Mithilfe geophysikalischer Technologie haben australische Forscher zum ersten Mal systematisch einen Blick in die unterirdische Lebenswelt des vom Aussterben bedrohten nördlichen Haarnasen-Wombats geworfen. Sie fanden heraus, dass dieses vom Aussterben bedrohte Beuteltier unter verschiedenen Bodenbedingungen komplexe Höhlennetzwerke aufbaut. Gleichzeitig wurde bestätigt, dass ein Weibchen in einer ex-situ-geschützten Population mit Jungen schwanger war, was neue Hoffnung für den Schutz dieser Art bringt.

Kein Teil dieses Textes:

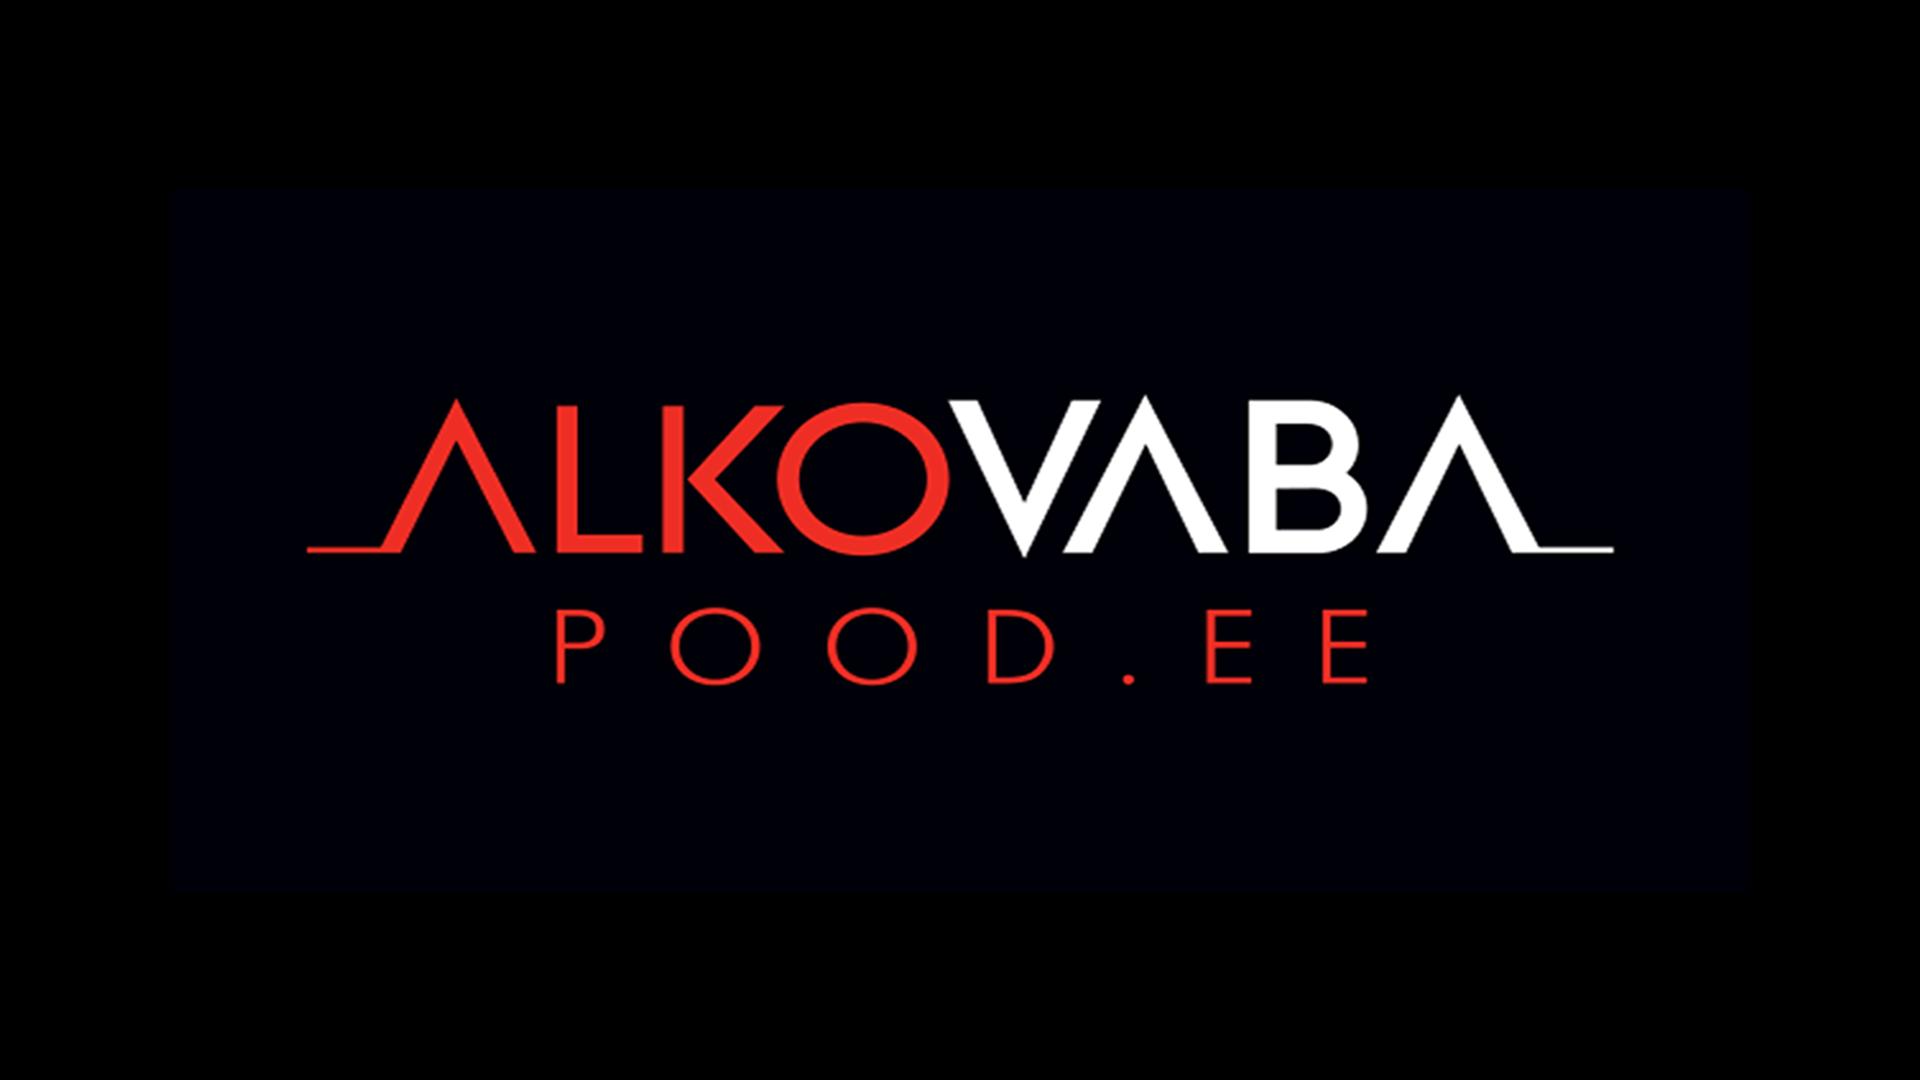 Mullfest Pärnu mullitab alkovabapood logo taustaga[1]

Die Forschung wurde in Zusammenarbeit mit der Australian Wildlife Conservancy (AWC), der Wombat Foundation (TWF) und dem Queensland Department of Environment, Tourism, Technology and Innovation durchgeführt und fand im Richard Underwood Nature Refuge (RUNF) in Queensland statt. Bereits vor fast drei Jahren setzte das Forschungsteam hier bodendurchdringende Radargeräte ein, um die unterirdische Höhlenstruktur des Nördlichen Haarnasenwombat (wissenschaftlicher Name: Lasiorhinus krefftii) störungsfrei abzubilden und eine vergleichende Analyse mit zuvor im Epping Forest National Park (EFNP) gewonnenen Daten durchzuführen.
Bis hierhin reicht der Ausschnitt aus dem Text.